We build a **Transformer model** that works on tabular data:

- **Categorical features** are turned into embeddings (like word vectors).
- **Numerical features** are projected into the same embedding space via a linear layer.
- All features become **tokens** and go into a Transformer Encoder.

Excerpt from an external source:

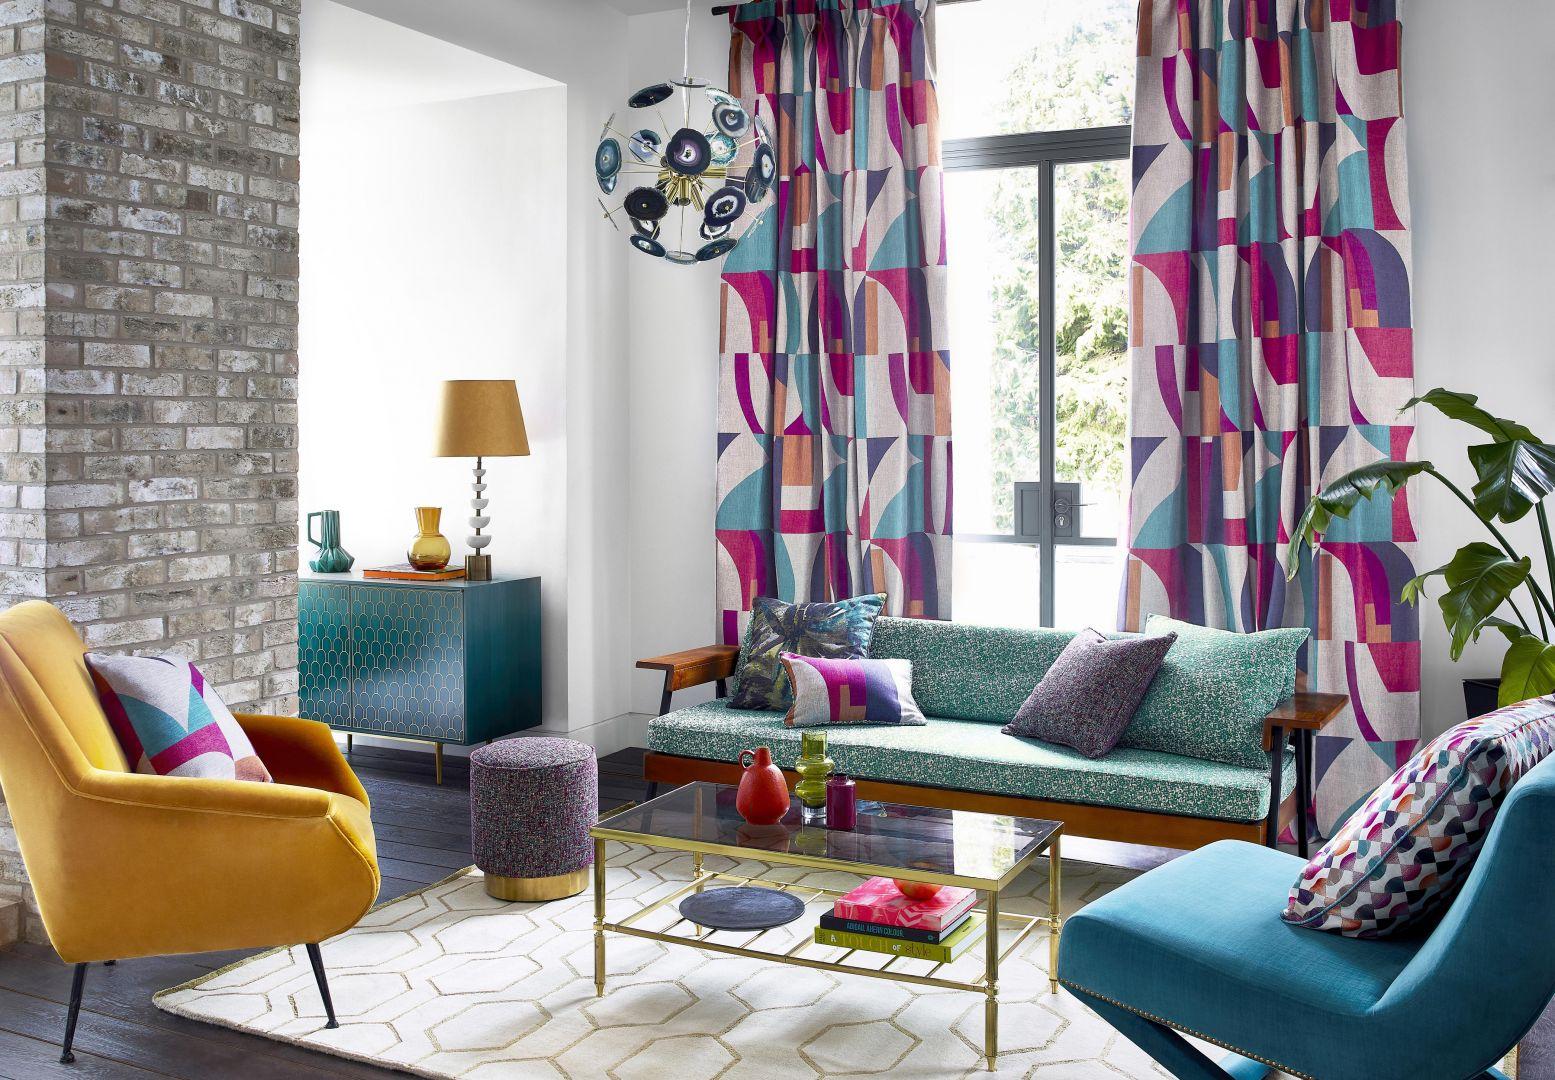 Kolorowe zasłony w salonie z kolekcji Bodega dostępne w ofercie marki Harlequin. Fot. Harlequin

### Inside the Transformer:

- **Self-Attention (column-wise)**: learns relationships between features.
- **Intersample Attention (row-wise)**: each row can attend to other rows in the batch — **unique to SAINT**.

### Output Layer

The transformer output goes through a simple classifier:

- `Linear → ReLU → Dropout → Linear → Sigmoid (via BCEWithLogitsLoss)`

### Class Imbalance Handling

We use `BCEWithLogitsLoss` with a `pos_weight` parameter to account for the fact that wildfire events are **rare** in the dataset.

In [33]:
import pytorch_lightning as pl
import torch
import torch.nn as nn
import torch.optim as optim

class SAINT(pl.LightningModule):
    def __init__(self, num_cont, cat_dims=[], embed_dim=32, 
                 num_heads=4, num_layers=3, dropout=0.1, pos_weight=None, lr=1e-3):
        super().__init__()
        self.save_hyperparameters(ignore=['pos_weight'])
        self.embeddings = nn.ModuleList([
            nn.Embedding(dim, embed_dim) for dim in cat_dims
        ])
        self.cont_proj = nn.Linear(num_cont, embed_dim)
        encoder_layer = nn.TransformerEncoderLayer(
            d_model=embed_dim, nhead=num_heads, dropout=dropout,
            batch_first=True, dim_feedforward=embed_dim*4
        )
        self.transformer = nn.TransformerEncoder(encoder_layer, num_layers)
        self.classifier = nn.Sequential(
            nn.Linear(embed_dim, 32),
            nn.ReLU(),
            nn.Dropout(dropout),
            nn.Linear(32, 1)
        )
        if pos_weight is not None:
            self.loss_fn = nn.BCEWithLogitsLoss(pos_weight=pos_weight)
        else:
            self.loss_fn = nn.BCEWithLogitsLoss()

    def forward(self, x_cat, x_cont):
        tokens = []
        for i, emb in enumerate(self.embeddings):
            tokens.append(emb(x_cat[:, i]))
        tokens.append(self.cont_proj(x_cont))
        tokens = torch.stack(tokens, dim=1)
        attn_output = self.transformer(tokens)
        cls_token = attn_output.mean(dim=1)
        return self.classifier(cls_token).squeeze(-1)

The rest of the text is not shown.